The U.S. Bureau of Labor Statistics released May employment data on Friday, and the report was strong.
May saw 280,000 jobs added compared to expectations of 226,000, a sizable improvement from prior months. Unemployment ticked up 10 basis points to 5.5%, though the labor force participation rate also rose modestly to 62.9% after years of decline.
Wage growth showed mild improvement in the May release, rising 2.3% from a year ago compared to expectations of 2.2%. Among the major employment sectors, energy extraction and support activities continues to struggle, but the auto industry, residential construction sector and healthcare sector all showed well.
May Job Growth Is the Strongest of 2015
The U.S. economy added 280,000 jobs in May, handily beating expectations of 226,000. This was a massive improvement from the prior few months, which saw weak growth revised downward even further.
May also marked the strongest single month of job growth since December of last year, a sign the economy is resuming its previously strong pace of growth after wavering in the early part of 2015. These gains are representative of a host employment sectors that are experiencing solid growth such as residential construction, healthcare, the auto industry and professional/business services.
Unemployment Treading Water as Labor Force Participation Stabilizes
The unemployment rate ticked up 10 basis points to 5.5% in May, just a month after declining 10 basis points to 5.4%. However, the news is not necessarily bad, since the labor force participation rate also ticked up slightly to 62.9%. This is the second straight month the participation rate has ticked higher, a signal that the rate is stabilizing after years of persistent decline.
If the labor force participation rate begins to pick up steam and grow appreciably, it would likely mean a slowdown in the pace of the unemployment rate’s decline but would still paint a positive economic picture.
Wage Growth Barely Beat Expectations in May
Wage growth showed mild improvement in the May release, rising 2.3% from a year ago compared to expectations of 2.2%. Much like labor force participation, wage growth has certainly stabilized but is yet to show any marked improvement in this data set.

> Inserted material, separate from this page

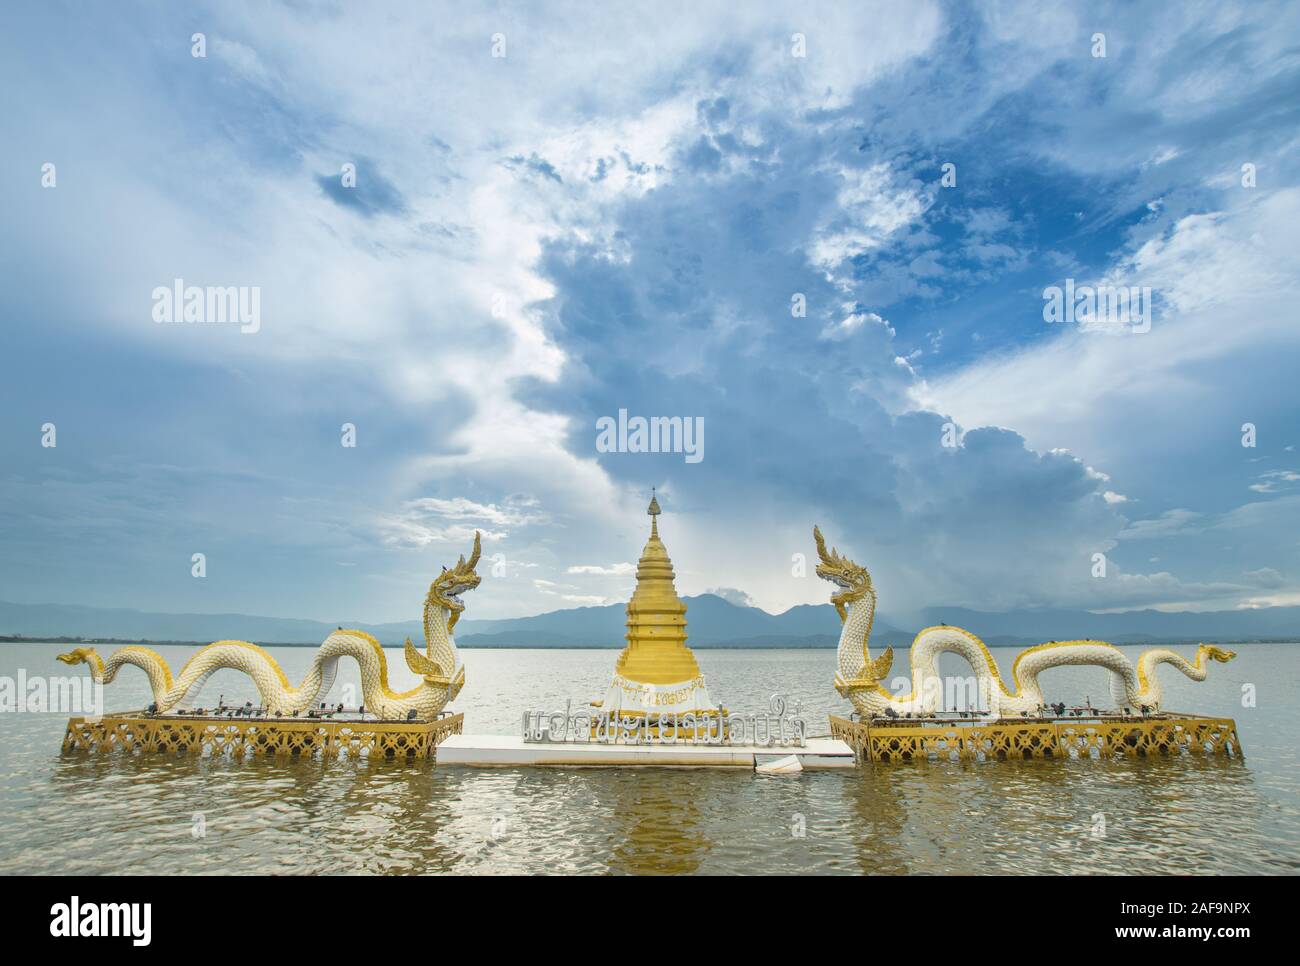 Phayao, Thailand - October 13, 2019: The Naga statue in Phayao lake (Kwan Phayao) with blue sky background. Stock Photo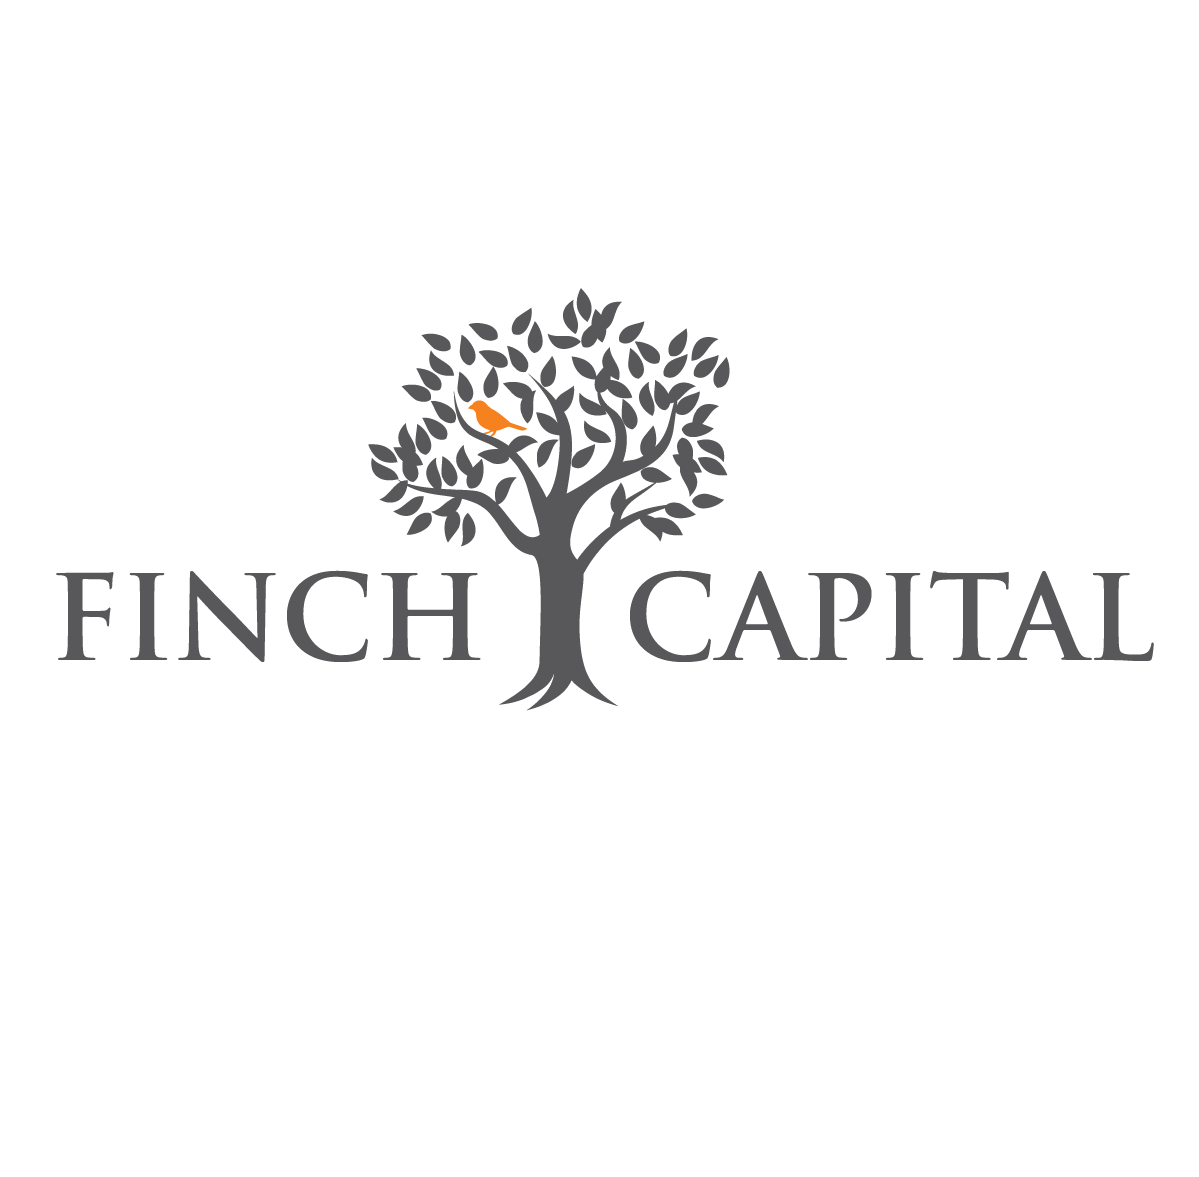 Finch Capital logo

The Employment Cost Index, a different wage data series, is showing more noticeable gains. Wage growth is needed to further fuel the consumer and housing market as we have mentioned numerous times. We maintain that the continued tightening of the labor market will lead to stronger wage growth in the second half of this year.
The Energy Sector Still Suffering a Contraction
The energy sector continues to get drilled (sorry!) as oil and gas extraction, support activities for mining and mining ex oil and gas were among the worst performing sectors. Surprisingly pipeline transportation and coal products manufacturing saw gains over the past three months, but these are much smaller compared to the extraction sectors.
The price of oil has not recovered significantly, meaning pressure should remain on this sector. The Texas metro areas, in particular Houston, are beginning to show signs of the leak, but the worst is yet to come. Office and industrial absorption and rents will be the most directly effected as the sector consolidates and recalibrates to this new price reality. Home price appreciation will likely cool as well as royalty incomes slow.
A Strong Auto Sector Could Help Lift Select Regions With Auto Manufacturing Exposure
After strong motor vehicle sales reports earlier in the week, the auto industry showed well in the employment report. Motor vehicles and parts, automobile dealers and parts dealers have all seen employment rise over 4% from a year ago and displayed solid momentum over the past three months.
This could benefit Detroit and other areas with auto manufacturing exposure, such as South Carolina’s local economies.